Entrando a Múnich se me encogió el corazón. Hay un aire denso, cargado, espeso. Lo que hacemos no queda en el pasado, repercute en el hoy. La energía de las atrocidades permanece, hay un remolino de gritos sordos, llantos, angustia, miedo, y también un sonidito, como un pitido, de la victoria. Aún se escucha. Latente. Palpitando.
Hace unos años, no siglos, el sadismo invadió el territorio, y se expandió. Llegó a límites insospechados.
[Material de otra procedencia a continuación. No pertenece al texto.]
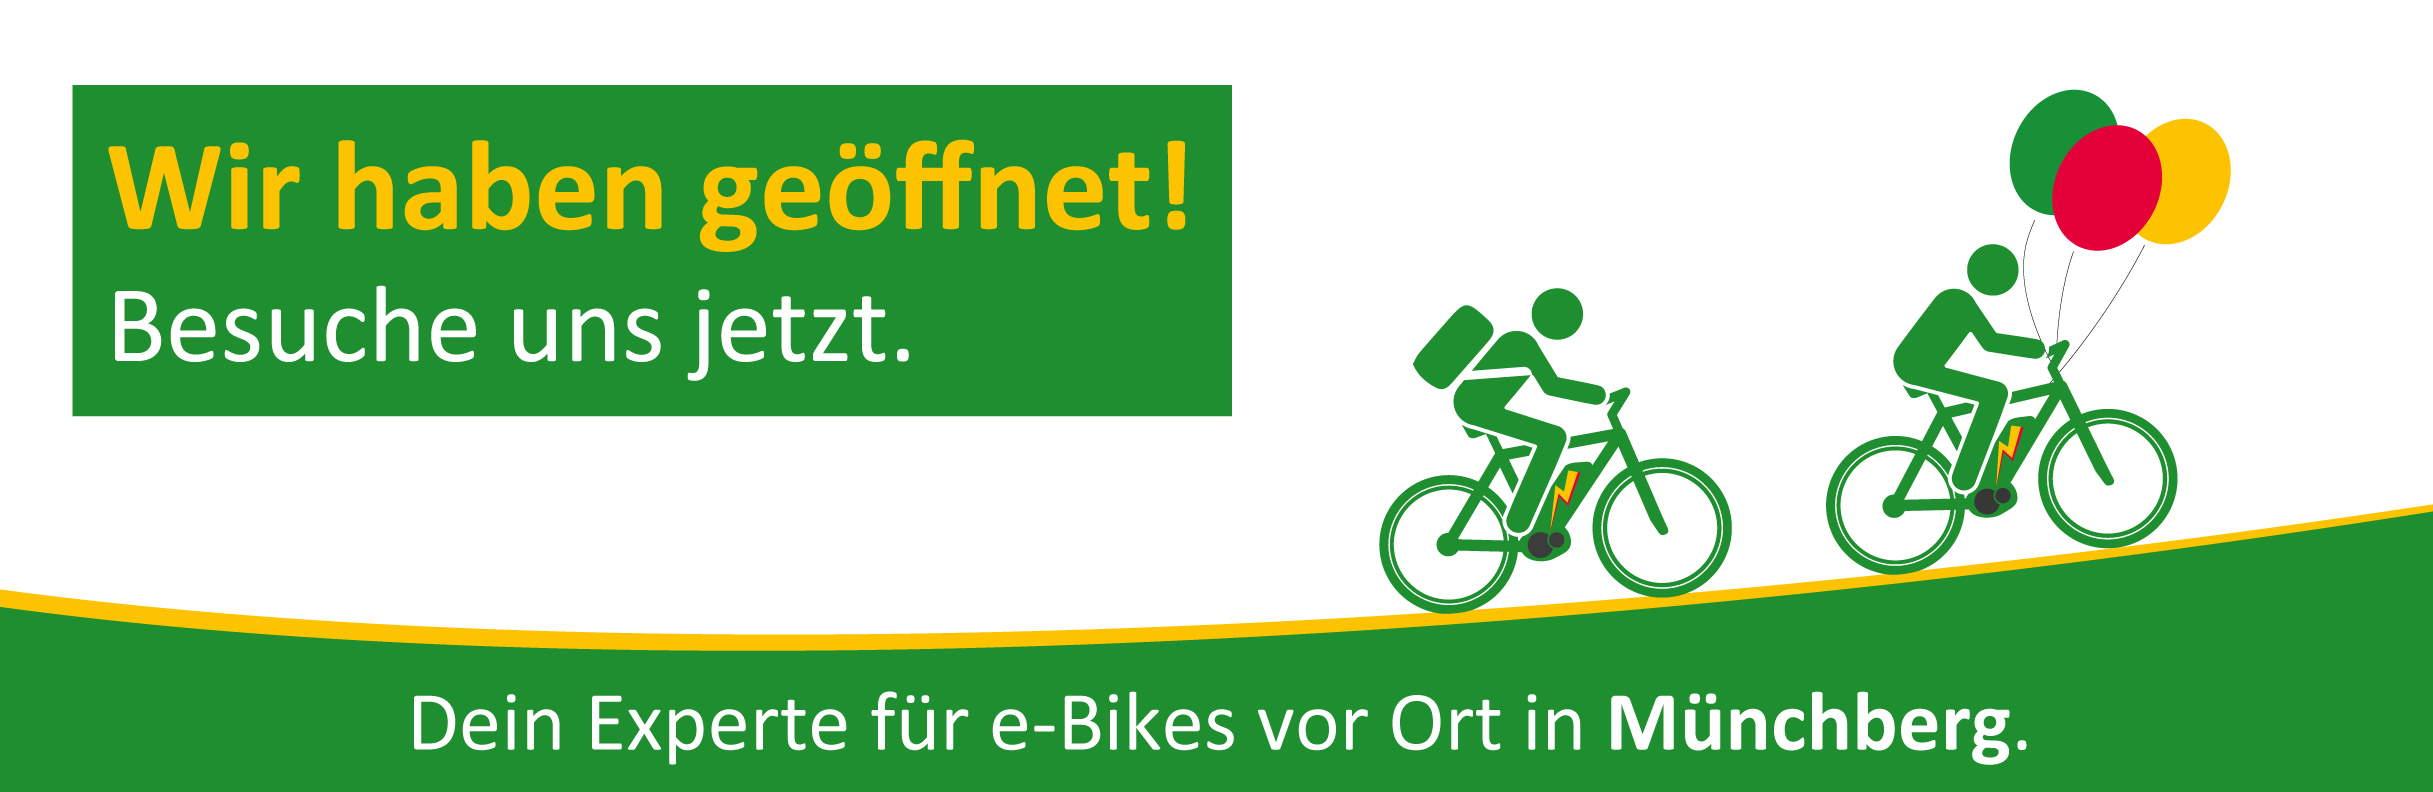 e-motion e-Bike Welt Münchberg

¿Por qué es tan fácil extender el mal para el ser humano? Parece que tenemos una predeterminación innata para hacernos daño. ¿Afán de poder? No sé como llamarlo pero nos vuelve locos, nos trastoca. Éste es un hecho, con millones de consecuencias. ¿Pero cuanto ha habido?
En Argentina también tuvimos la famosa dictadura, o dictaduras, pero recordamos ESA, la que ha derribado familias, ha metido el temor en el cuerpo, y ha esfumado gente. Los desaparecidos. “Son una incógnita, no tienen entidad, no están ni vivos ni muertos”.
Caza de brujas, guerras mundiales, guerras civiles, política, religión… Tenemos un bagaje amplio de excusas para infringir daño, coacción, torturas, corrupción, terror…
Y cansados de decir “nunca más”, seguimos. ¿Por qué? Miles de razones tachadas de “fundamentadas” pero ninguna justifica semejantes locuras.
Somos hijos del mundo, un mundo que se ha convertido de nuestro hogar a lugar inhóspito y casi inhabitable.